→ **To do**: Your task is to reproduce exactly the lines from the one containing "Uno Pizzeria & Grill - Lobby" through the last line below, both ends included, and nothing else, with no pictures.

→ **Available data**:

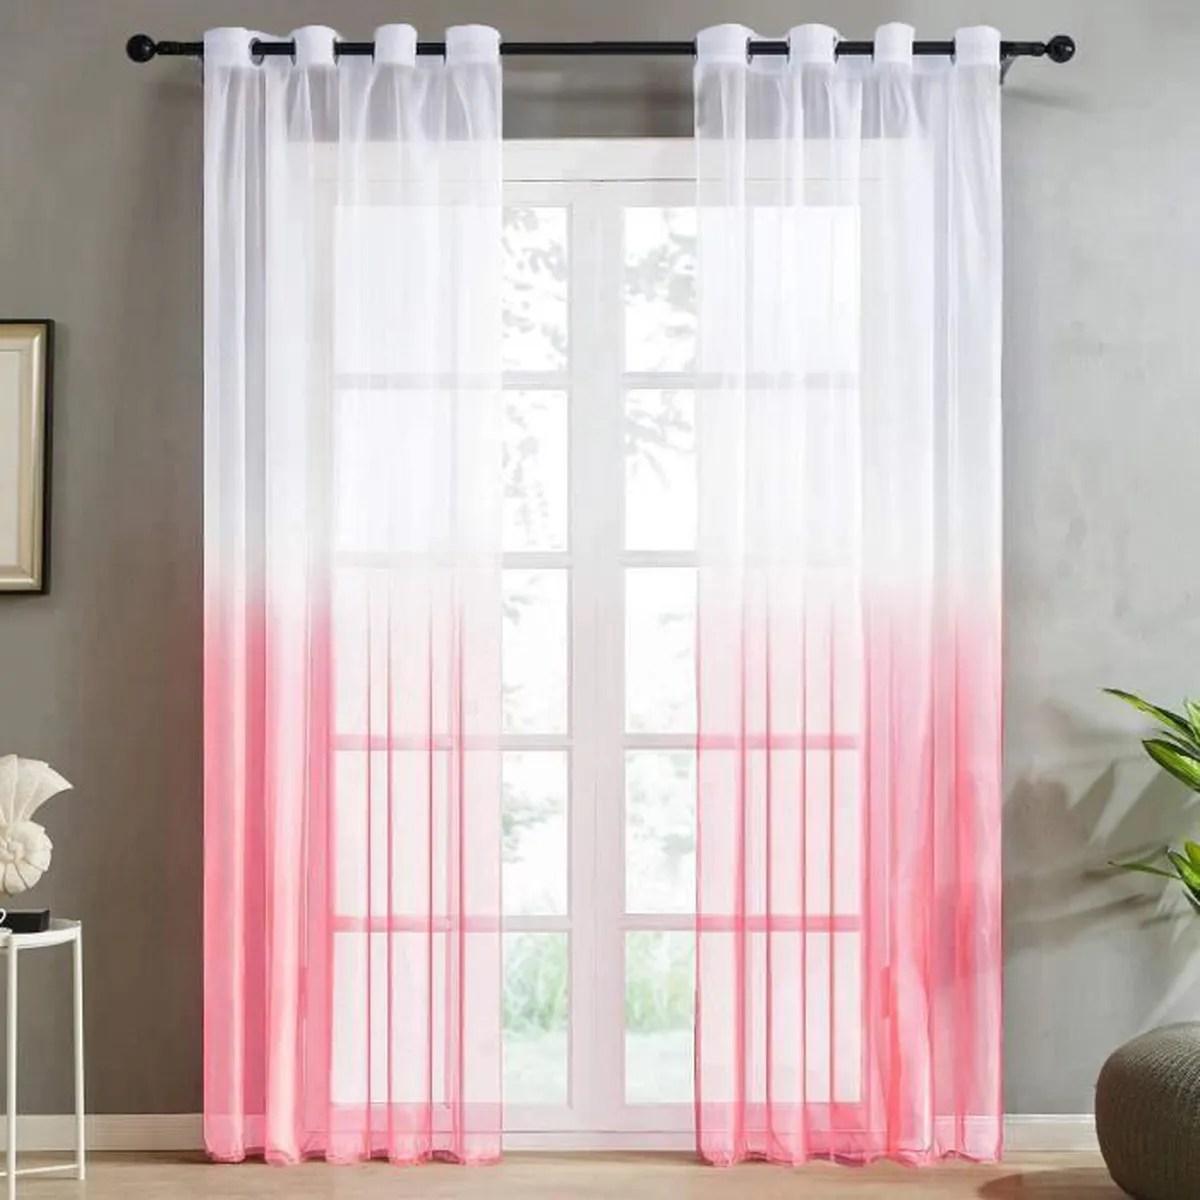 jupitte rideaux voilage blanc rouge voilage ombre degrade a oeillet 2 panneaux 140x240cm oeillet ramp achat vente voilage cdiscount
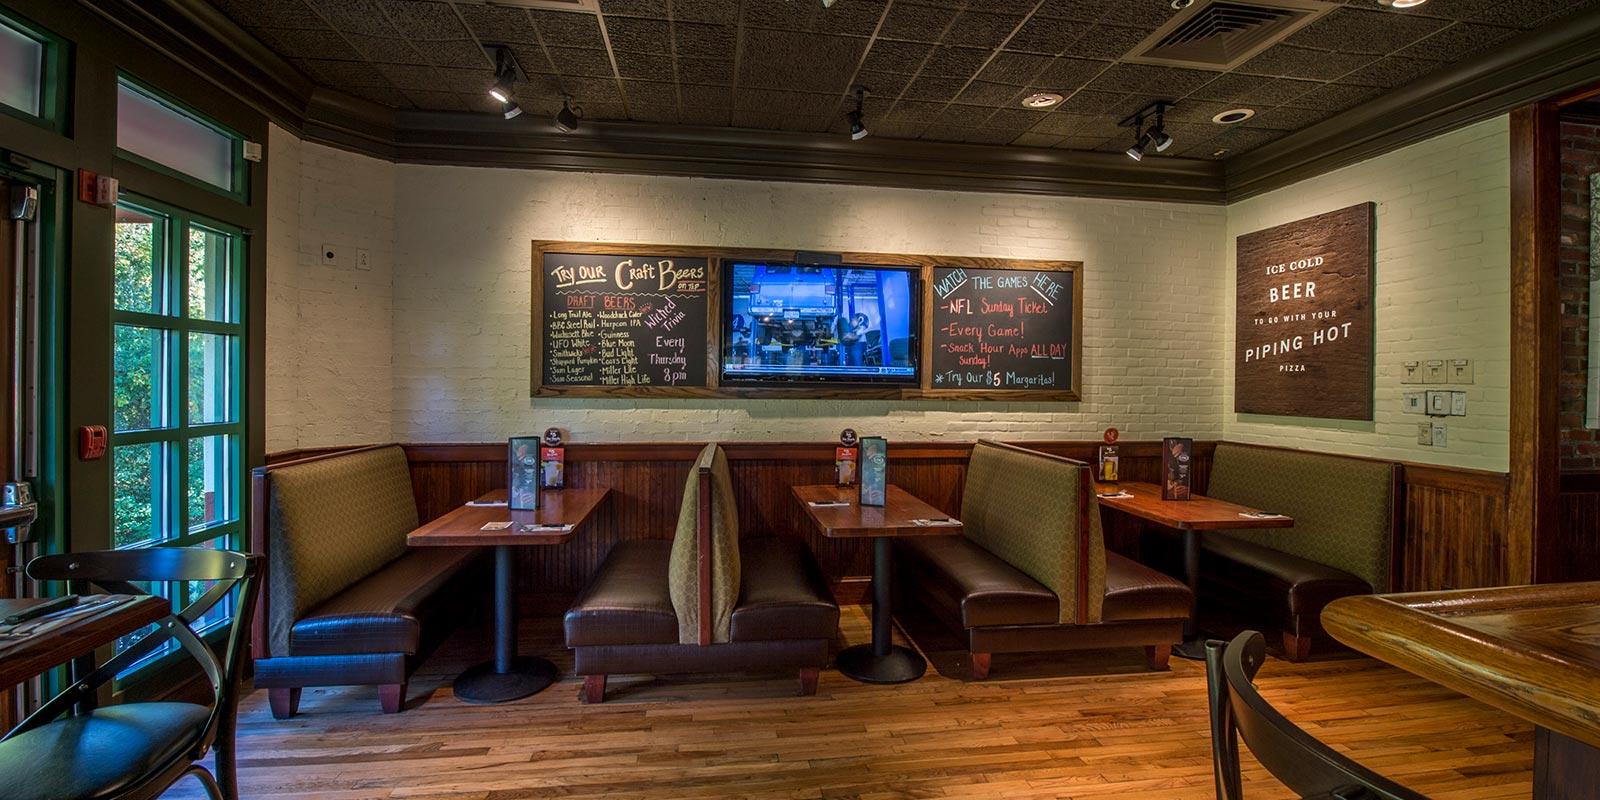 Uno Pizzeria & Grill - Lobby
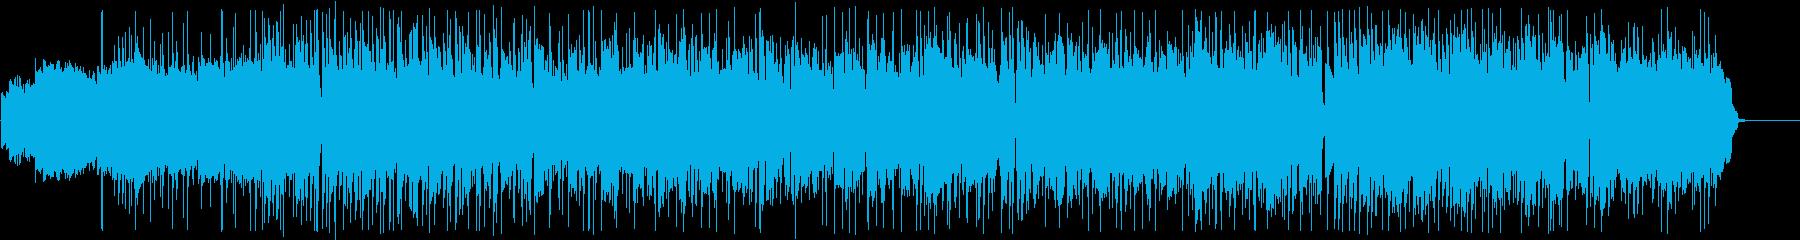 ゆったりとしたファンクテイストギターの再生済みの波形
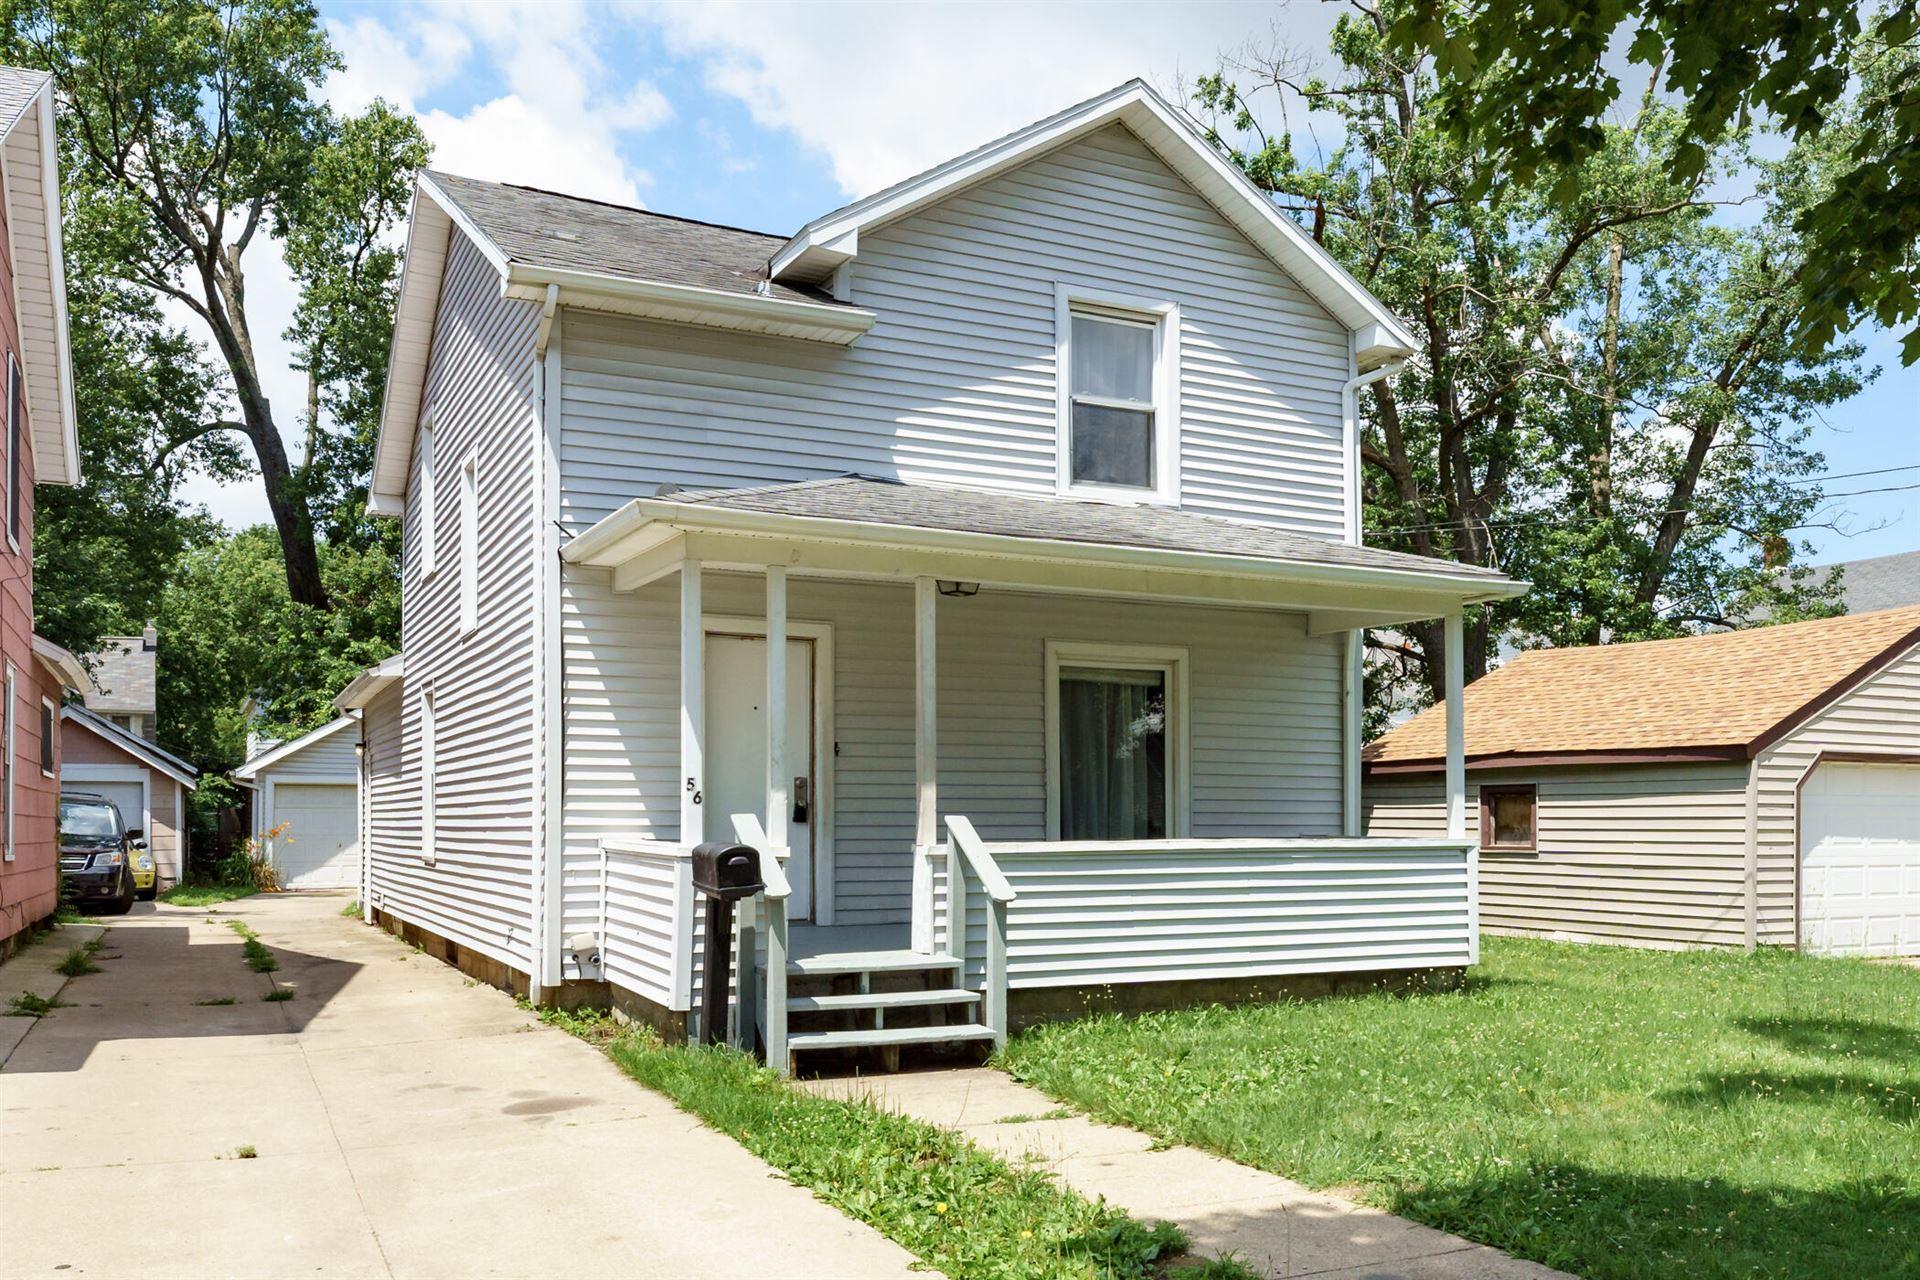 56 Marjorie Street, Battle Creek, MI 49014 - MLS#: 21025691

→ **Answer**:
 Uno Pizzeria & Grill - Lobby
 ゆったりとしたファンクテイストギターの再生済みの波形
 56 Marjorie Street, Battle Creek, MI 49014 - MLS#: 21025691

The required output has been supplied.